----- Source material

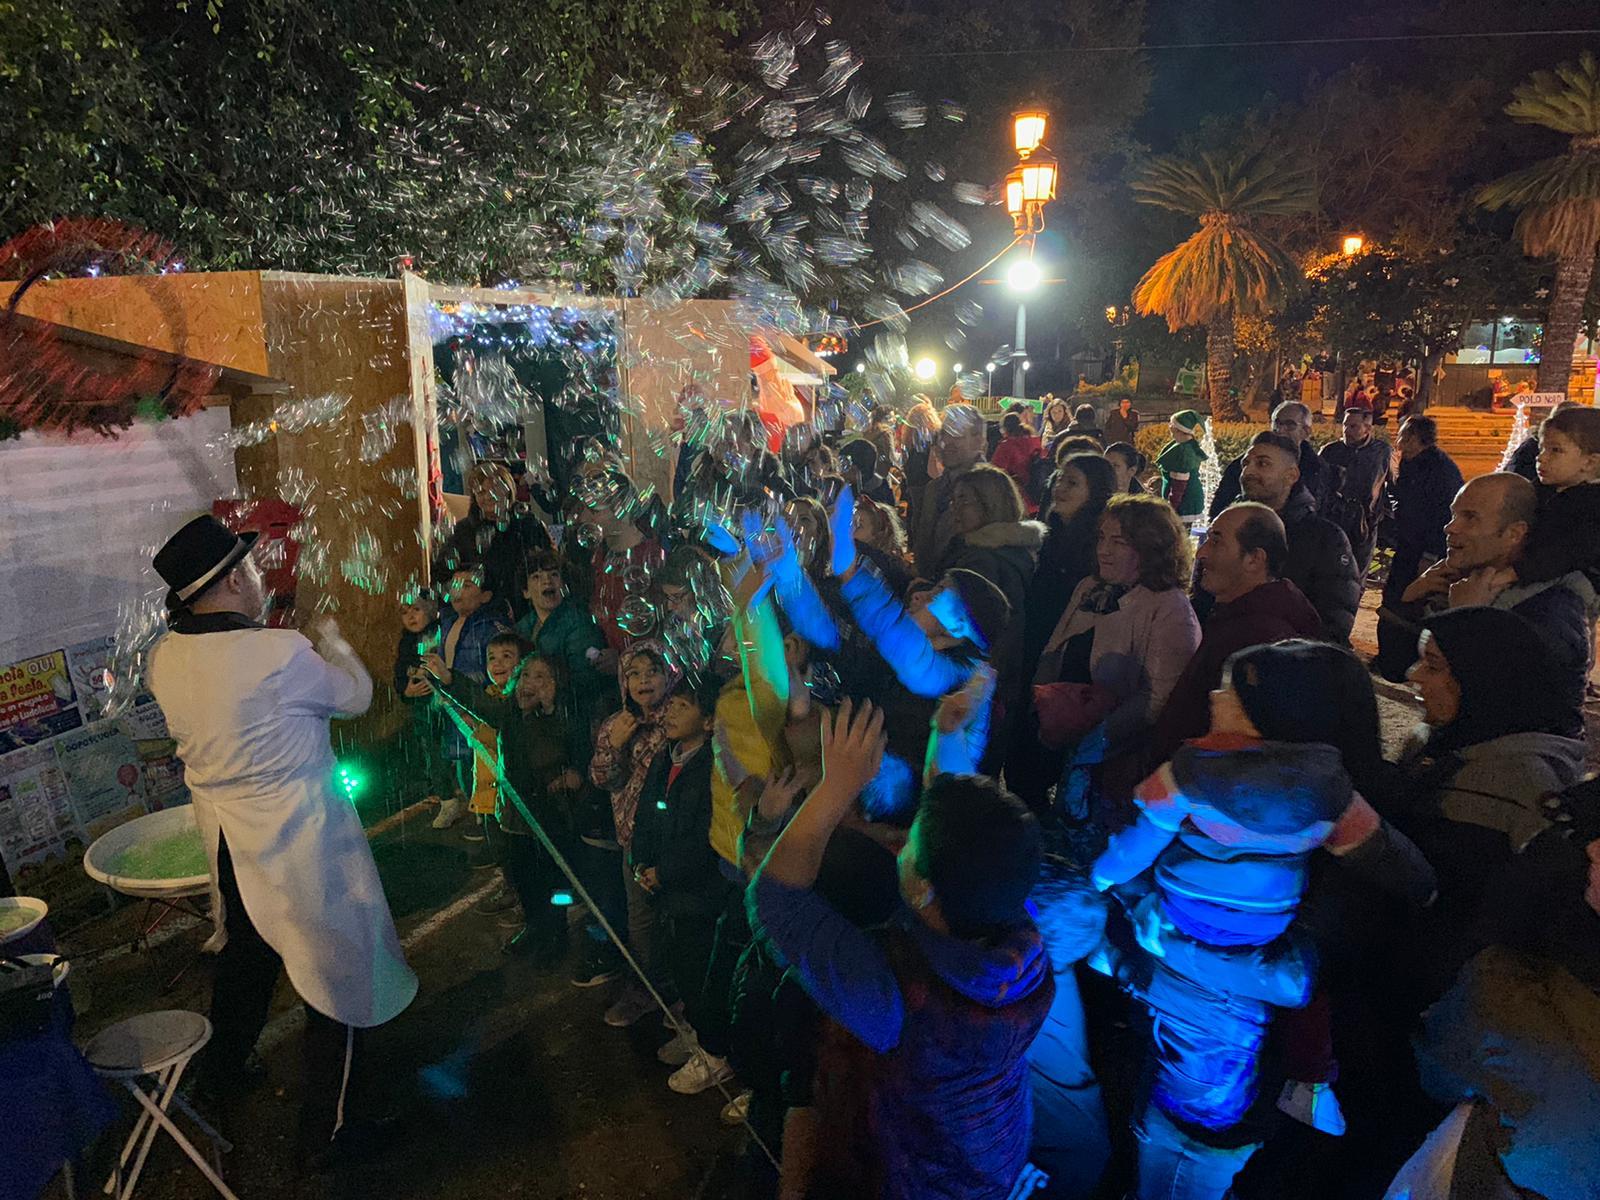 La magia del villaggio di Santa Claus accende il Natale nella villa comunale
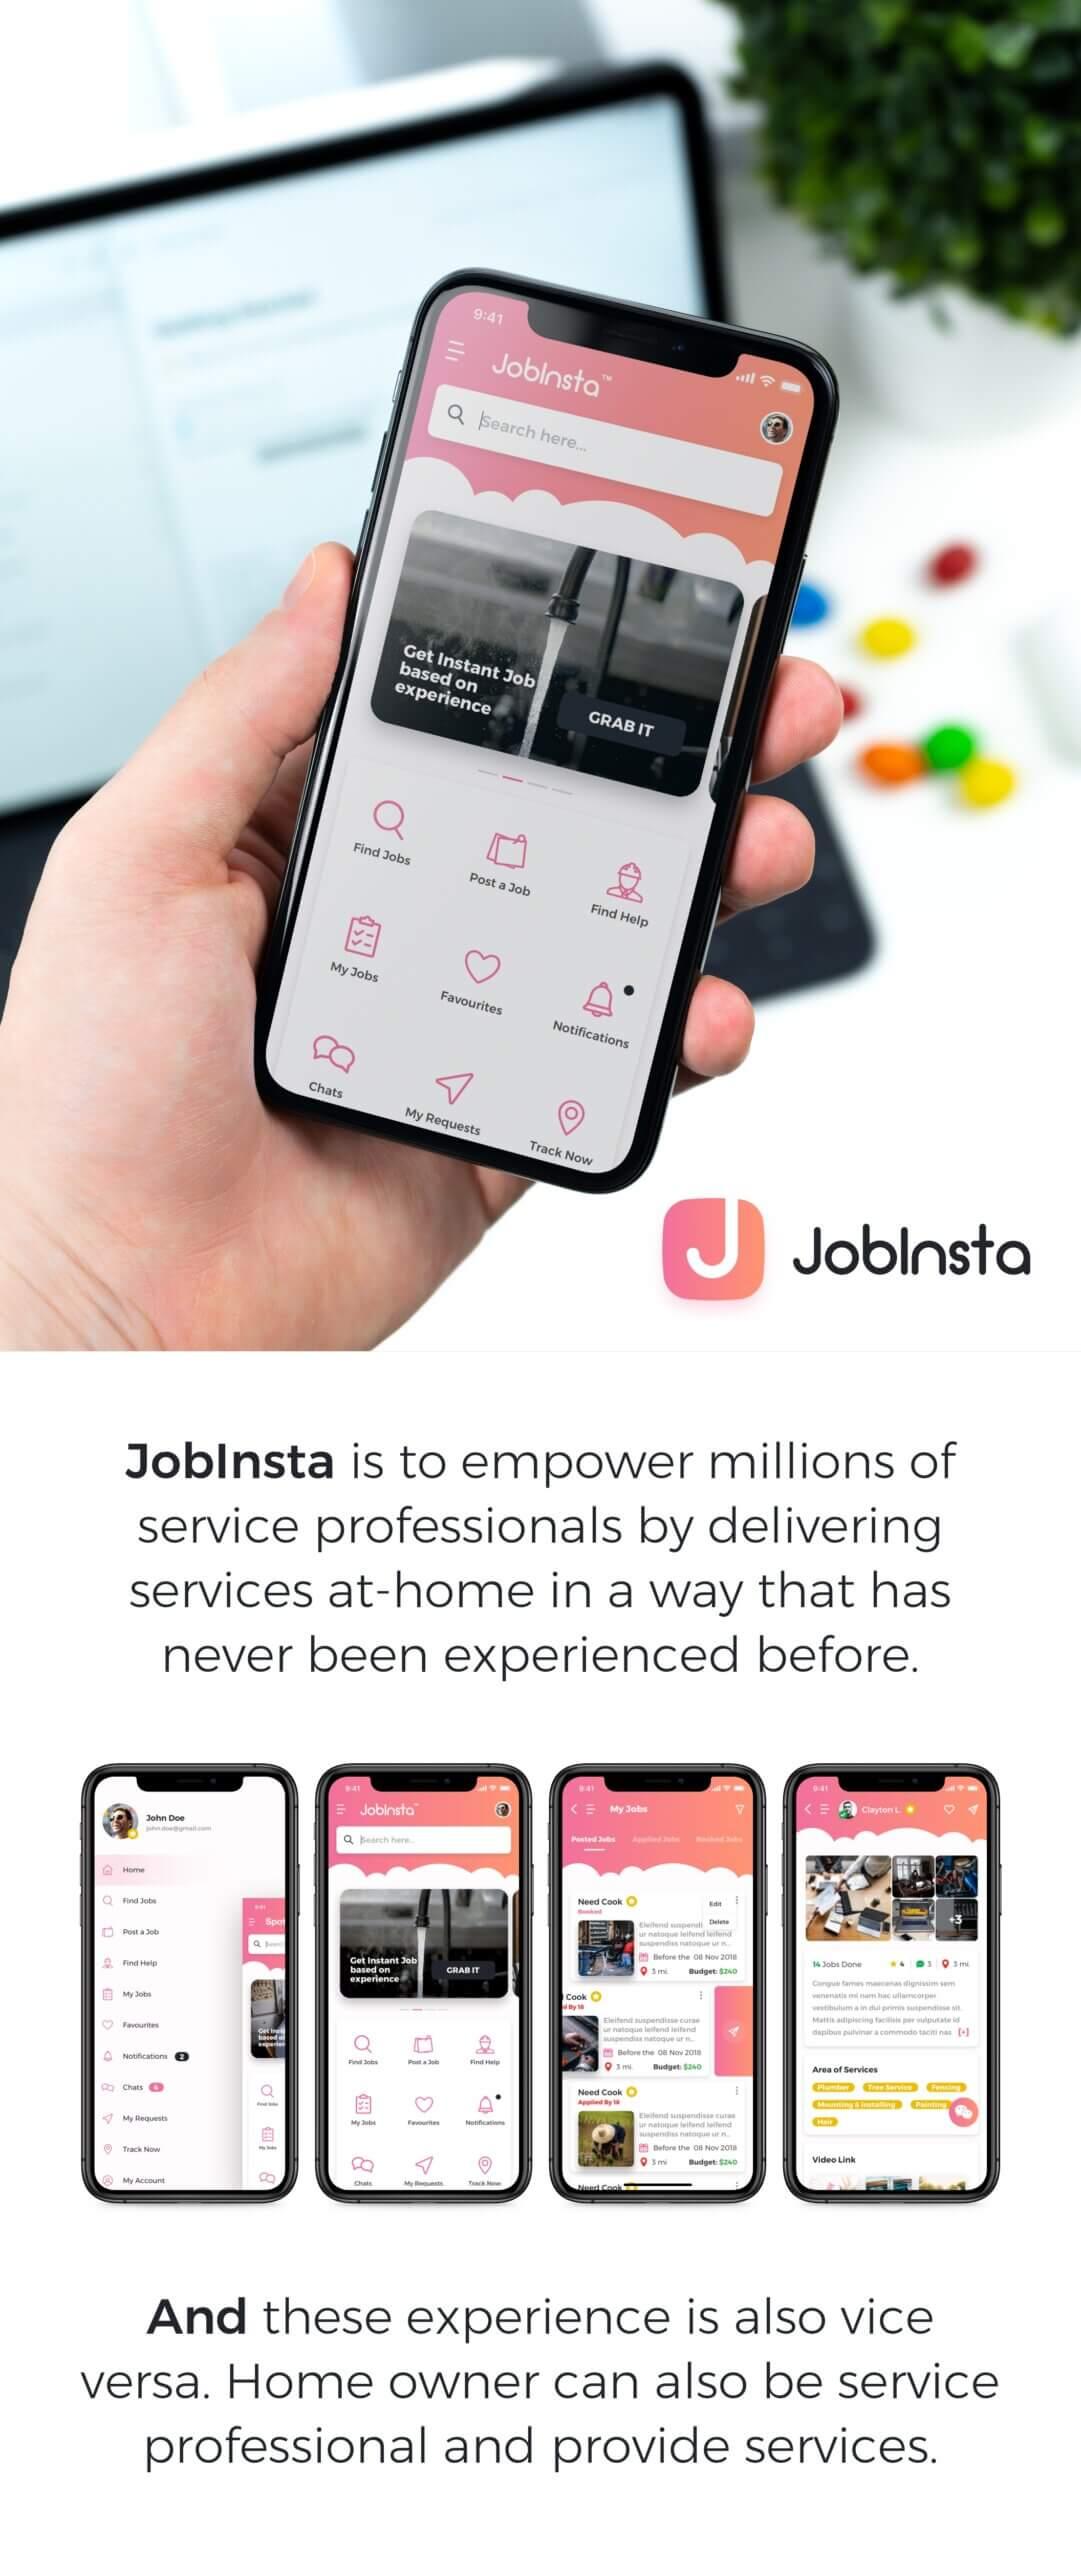 在线服务行业移动应用程序模版素材JobInsta UI Kit插图(1)
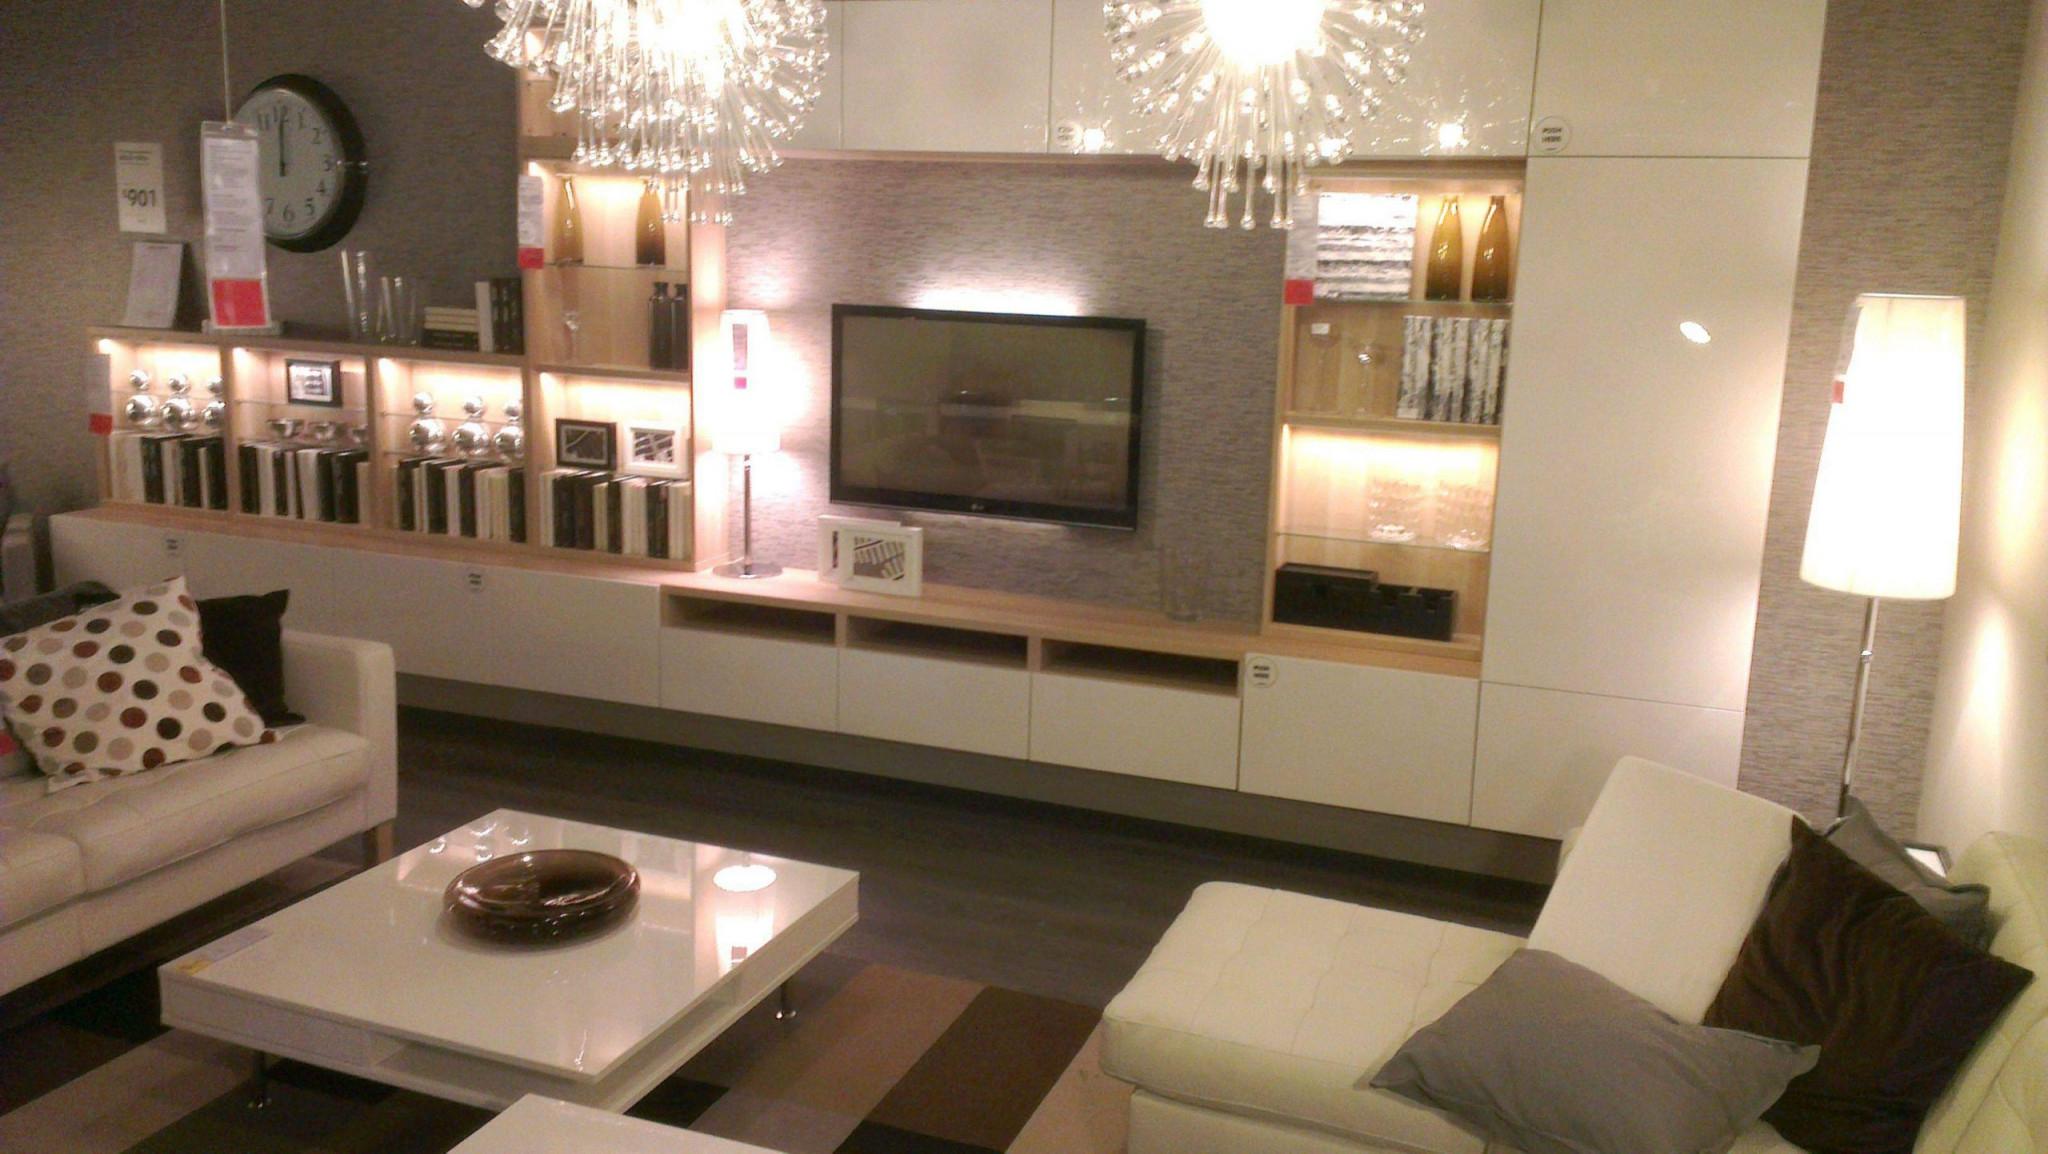 30 Elegant Ikea Besta Wohnzimmer Ideen Elegant  Wohnzimmer von Möbel Ideen Wohnzimmer Bild

----------

:: What is being asked ::
Using the listing above, copy every line from the line containing "在线服务行业移动应用程序模版素材JobInsta UI Kit插图(1)" through the last one, both included, and no other lines. Pictures stay out.

:: Your solution ::
 在线服务行业移动应用程序模版素材JobInsta UI Kit插图(1)
 30 Elegant Ikea Besta Wohnzimmer Ideen Elegant  Wohnzimmer von Möbel Ideen Wohnzimmer Bild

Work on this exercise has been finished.